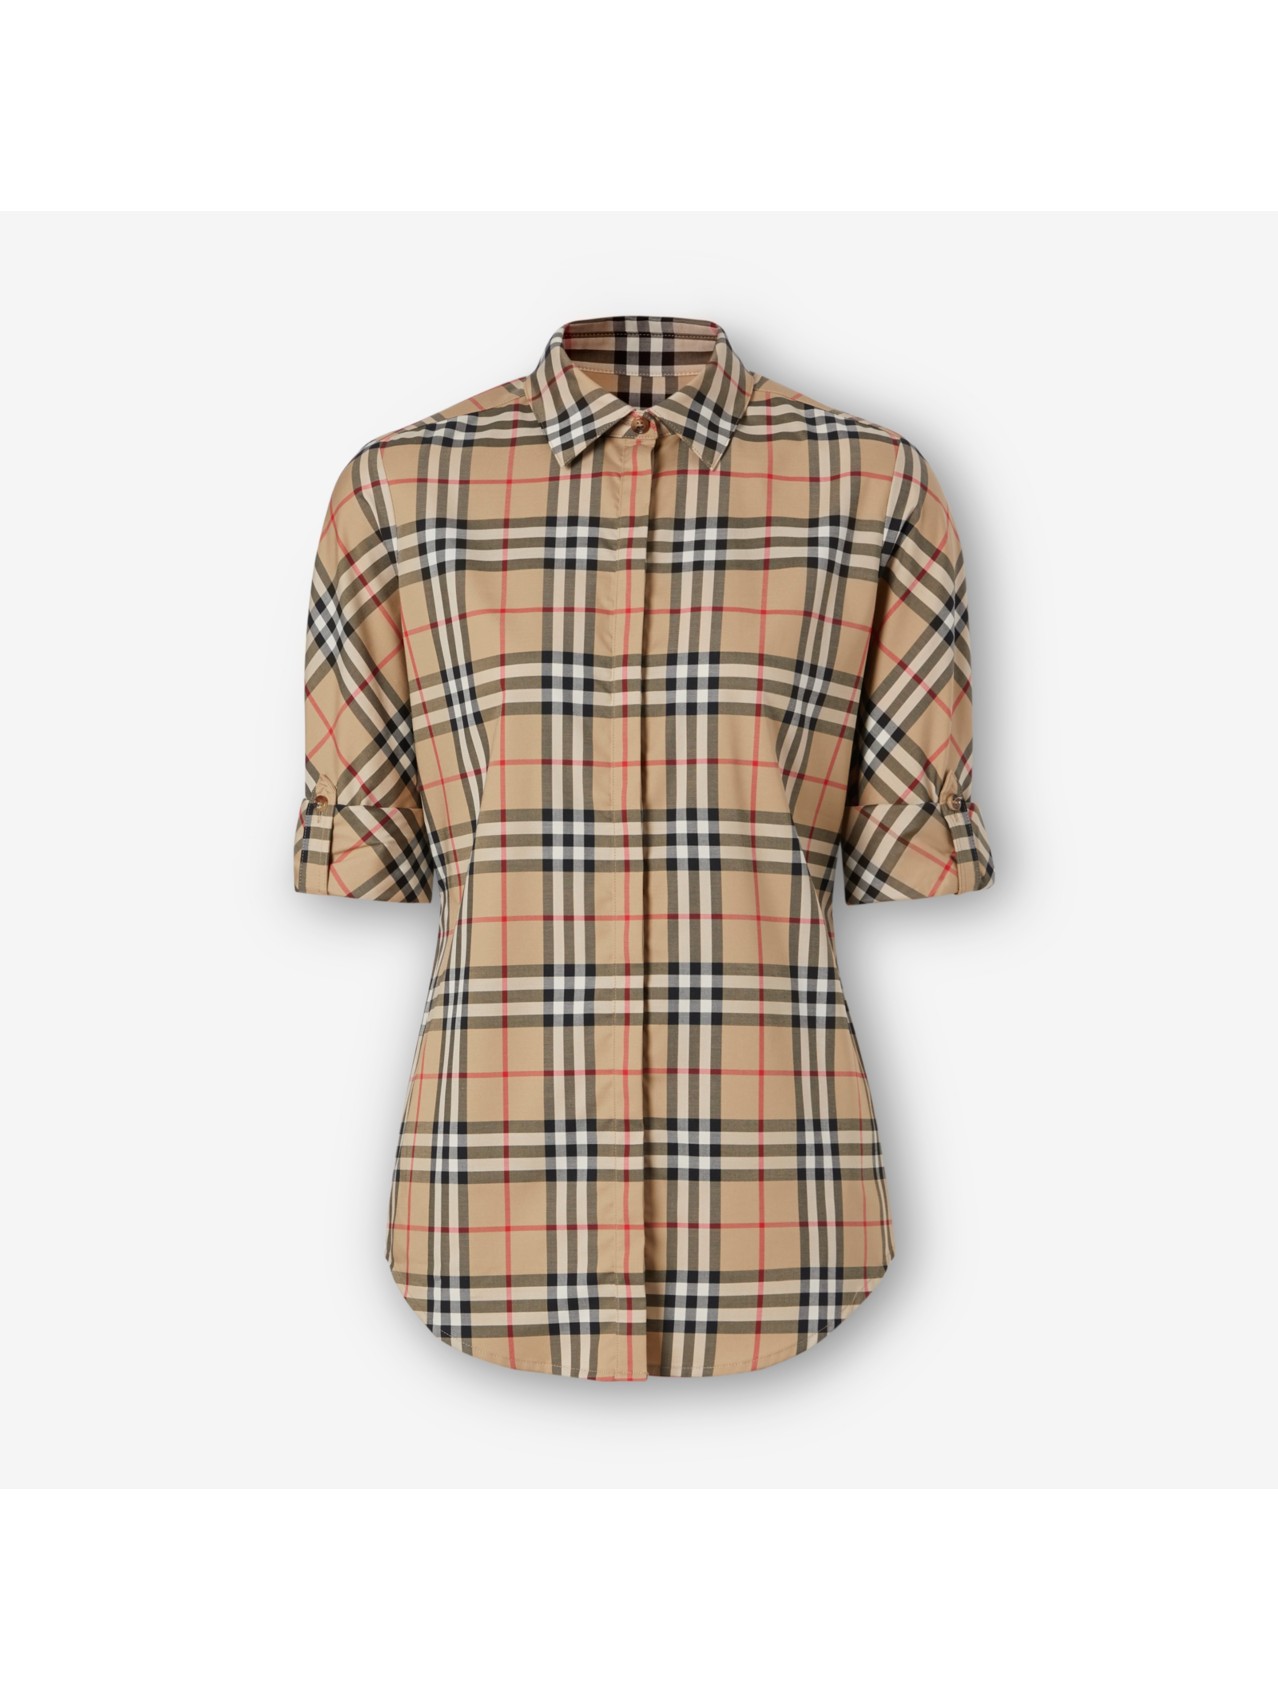 Camisas y camisetas para mujer en seda y algodón | Burberry® oficial
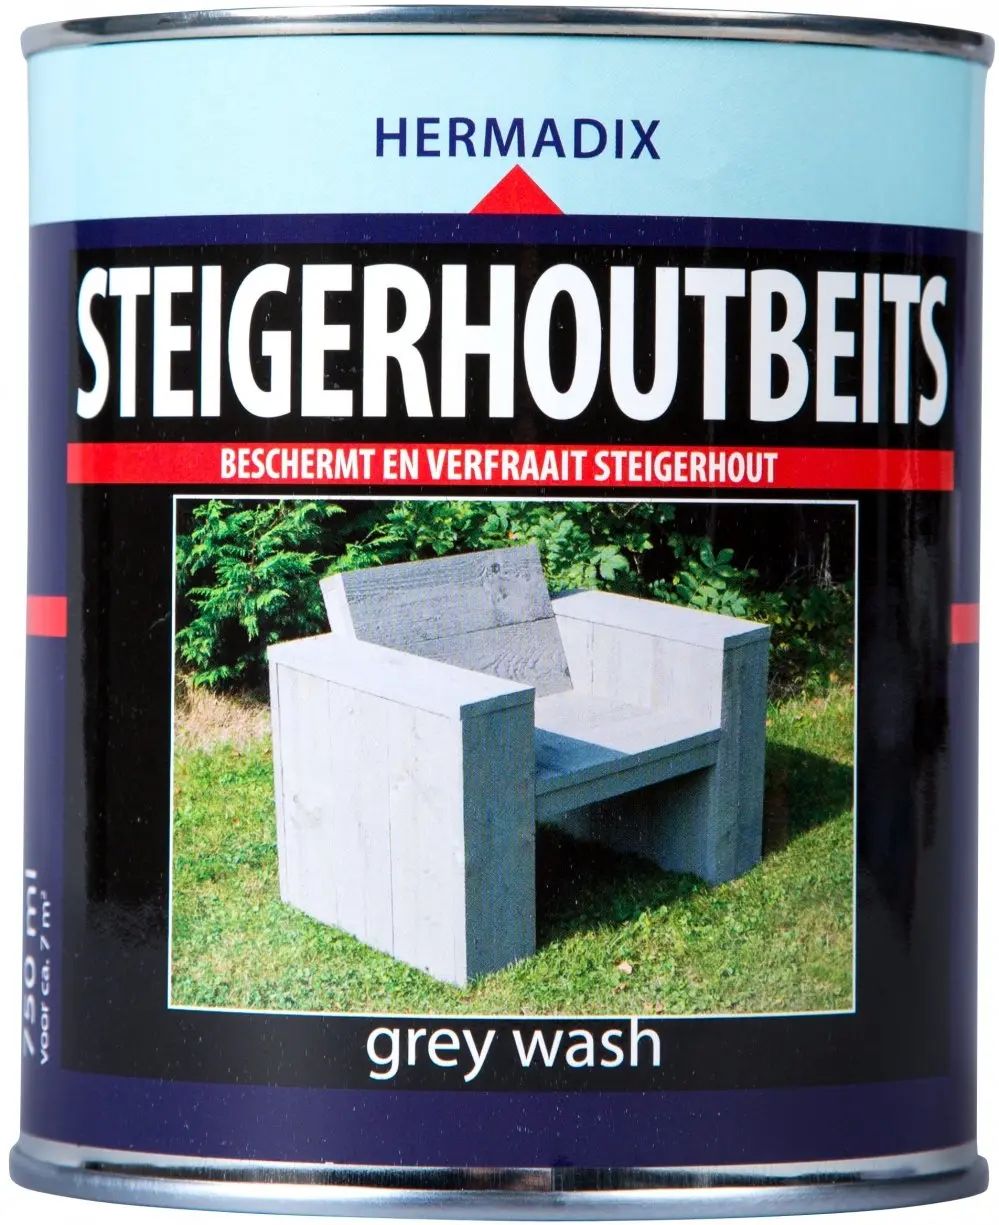 Hermadix - Steigerhoutbeits%20-%20Grey%20Wash-1
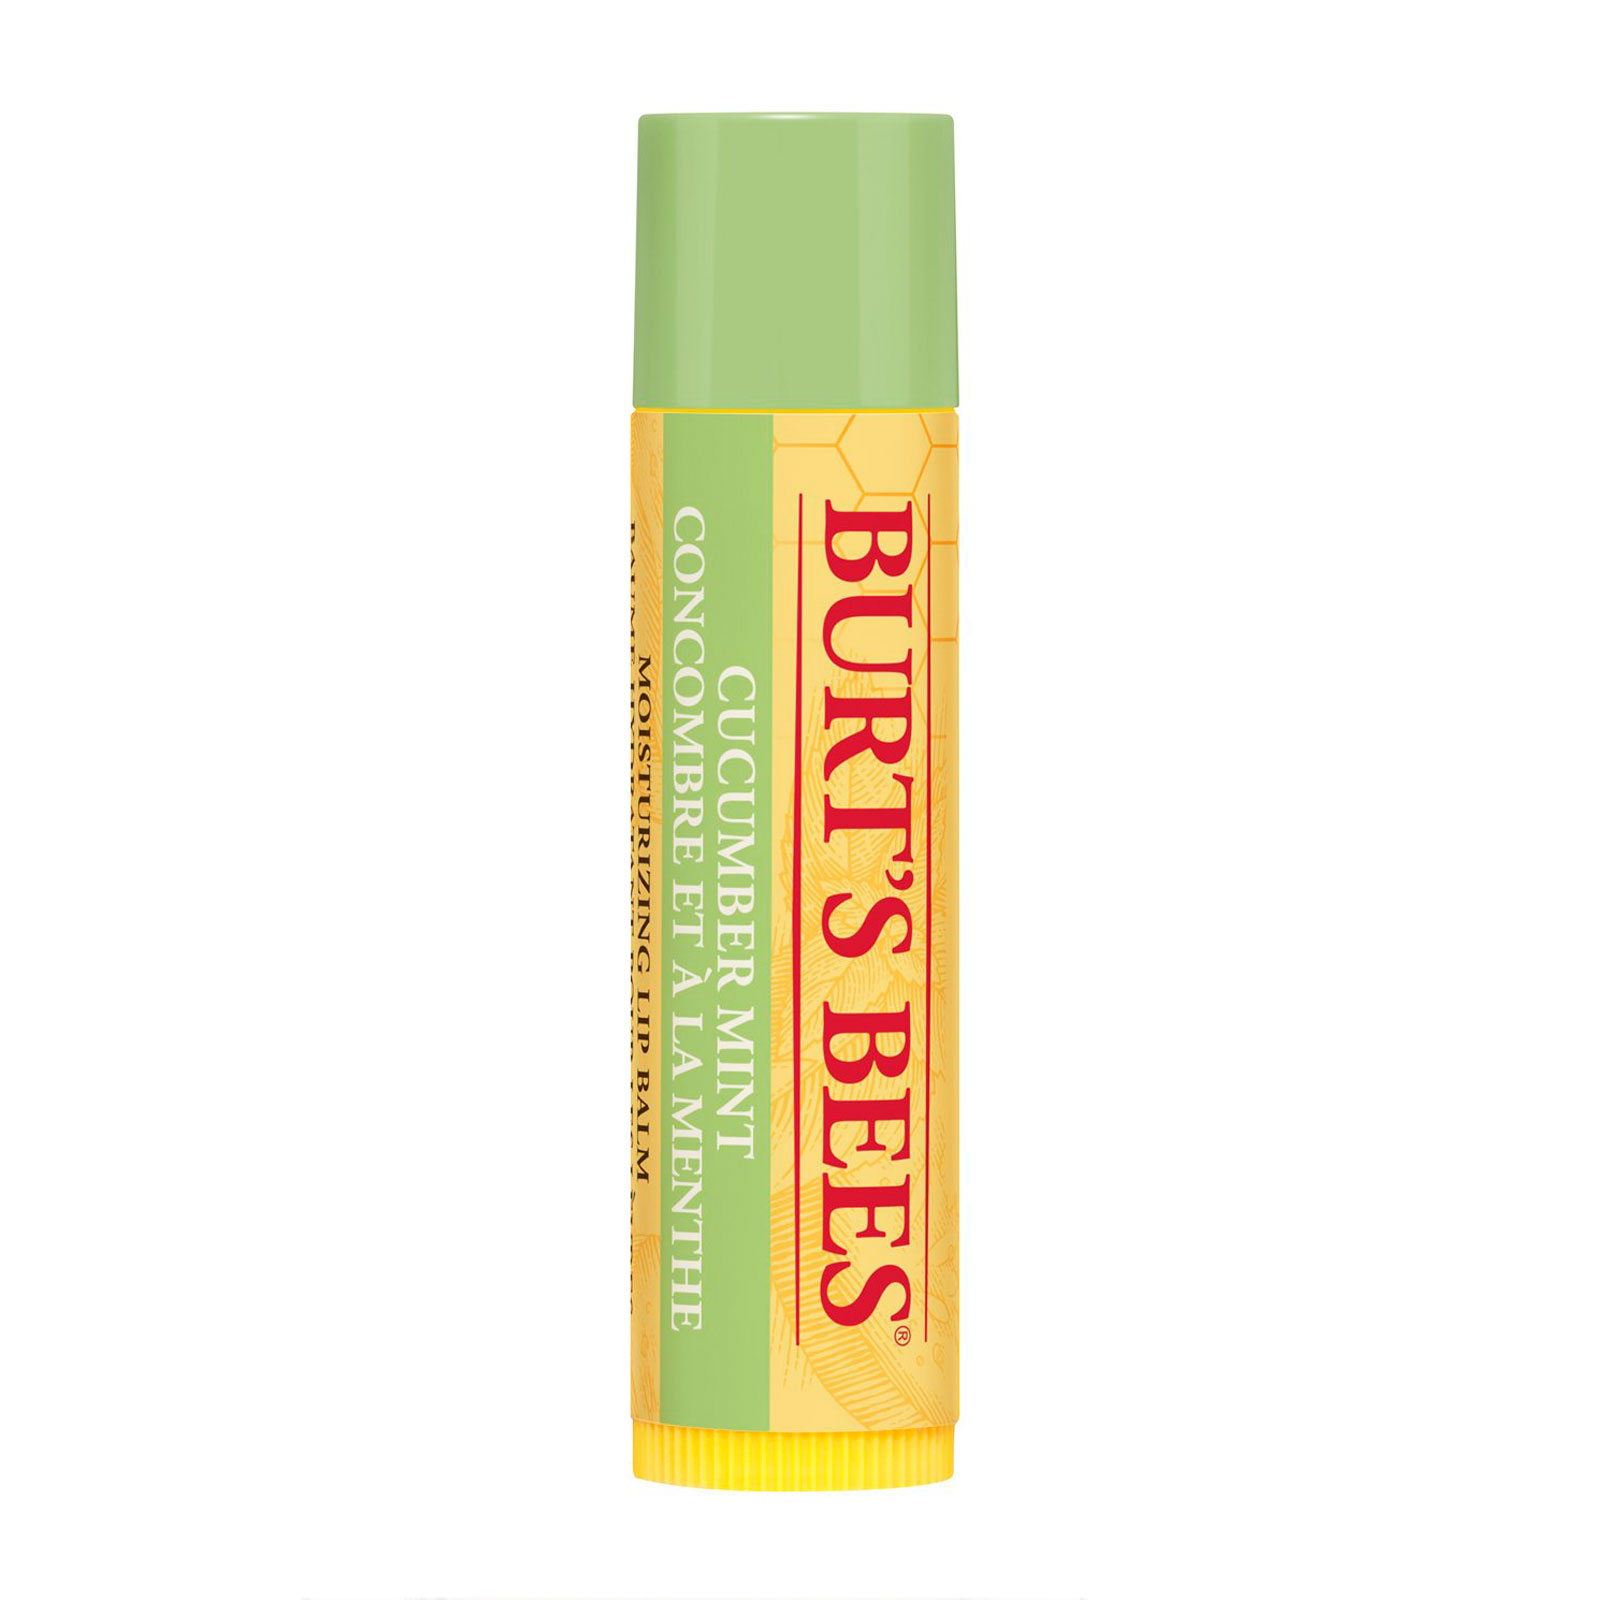 Burt's Bees 小蜜蜂 天然黄瓜薄荷润唇膏 4.25g

■ **WORK TO COMPLETE**
Working from the lines above, reproduce the material exactly and exclude its pictures.

■ **RESPONSE AREA**
 Camisas y camisetas para mujer en seda y algodón | Burberry® oficial
 Hermadix - Steigerhoutbeits%20-%20Grey%20Wash-1
 Burt's Bees 小蜜蜂 天然黄瓜薄荷润唇膏 4.25g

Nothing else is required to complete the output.